As a workaround, interpreter cycles can be consumed whenever the hotspot loop gets hit:

void ap2010cpu_device::execute_run()
{
    for (size_t i = 0; i < ARM7_MAX_HOTSPOTS; i++) {
        if (m_hotspot[i] == 0) {
            break;
        }
        if (m_hotspot[i] == pc()) {
            int32_t icount = *m_icountptr;
            if (icount > 30) {
                eat_cycles(icount - 30);
                break;
            }
        }
    }

    arm7_cpu_device::execute_run();
}
void eat_cycles(int cycles) noexcept {
    if (executing()) {
        *m_icountptr = (cycles > *m_icountptr)
            ? 0
            : (*m_icountptr - cycles);
    }
}

We reduce the number of instructions that get effectively interpreted until the next VBLANK is raised, allowing program code to break out of the busy loop:

void arm7_cpu_device::execute_run() {
    do {
        update_insn_prefetch(pc);
        if (T_IS_SET(m_r[eCPSR])) {
            if (!insn_fetch_thumb(raddr, insn))
                // ...
        }
        else {
            if (!insn_fetch_arm(raddr, insn))
                // ...
        }
        // ...
        m_icount -= 3;
    } while (m_icount > 0);
}

If we take another 3 profiler samples, now with this hack enabled via machine configuration, we no longer have the CPU interpreter at the top:

# Data files:
#  [0] perf.speedup1.data (Baseline)
#  [1] perf.speedup2.data
#  [2] perf.speedup3.data
#
# Baseline/0  Delta Abs/1  Delta Abs/2  Shared Object           Symbol                                                                                    >
# ..........  ...........  ...........  ......................  ..........................................................................................>
#
      15.44%       +1.00%       +0.41%  mamed                   [.] (anonymous namespace)::sega_beena_state::draw_layer
      14.92%       +0.10%       +0.72%  mamed                   [.] arm7_cpu_device::update_insn_prefetch
      12.84%       -1.06%       -0.91%  mamed                   [.] arm7_cpu_device::execute_run
       9.88%       -0.17%       -0.54%  mamed                   [.] (anonymous namespace)::sega_beena_state::screen_blend
       6.48%       -0.39%       -0.37%  mamed                   [.] std::_Function_handler<unsigned int (unsigned int), arm7_cpu_device::device_start()::{>
       5.19%       -0.01%       -0.21%  mamed                   [.] storyware_device::screen_update

Another alternative would be for players to underclock the CPU in the existing cheat configurations, but it leads to other accuracy issues (e.g. scrolling background desync / lags).

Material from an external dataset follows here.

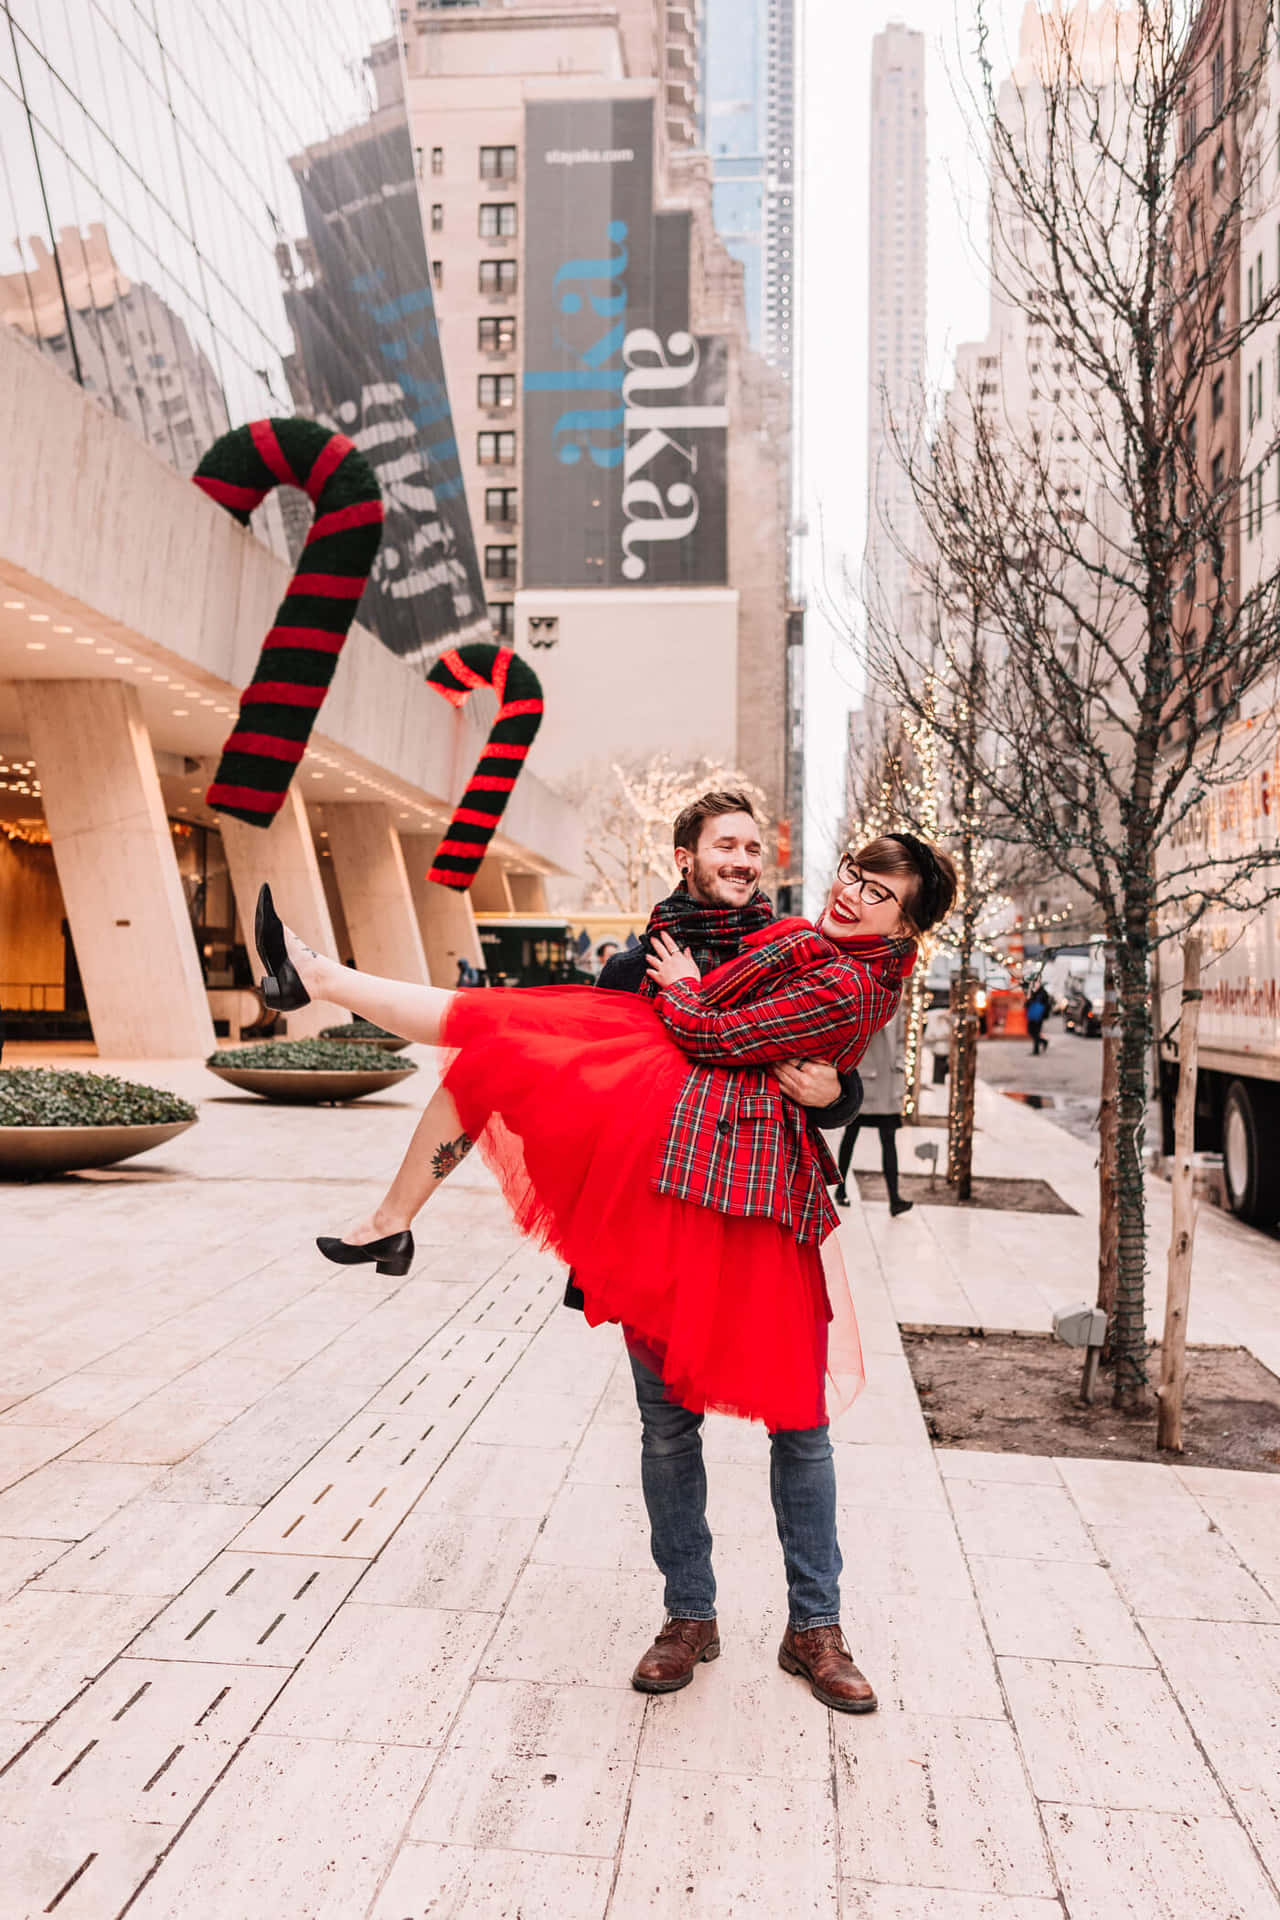 A Couple In A Red Dress Is Holding Hands In Front Of A City

While this solved graphic updates, it didn’t actually help with audio decoding subroutines, so some choppiness still exists. A cached interpreter could help here. MAME already does instruction prefetching up to a given number of instructions, which should cover smaller tight loops. A first attempt at increasing the default depth didn’t improve performance. Maybe implementing a JIT would be the best solution? There are some recompilers out there like dynarmic, but their supported guest architectures are much newer than ARM7T/ARMv4T…

Homebrew unlocked

JTAG opens the possibility of writing arbitrary code to RAM, but where exactly can we write without affecting program code? How about the direct bitmap RAM region? Games don’t really have to use it, they can render graphics using just tile layers, which are initialized in distinct regions. If our homebrew only uses tile layers, we have around 0xc6000 bytes of direct bitmap free for code and data, not bad at all! I’ve documented how it gets loaded under dump_from_bitmap.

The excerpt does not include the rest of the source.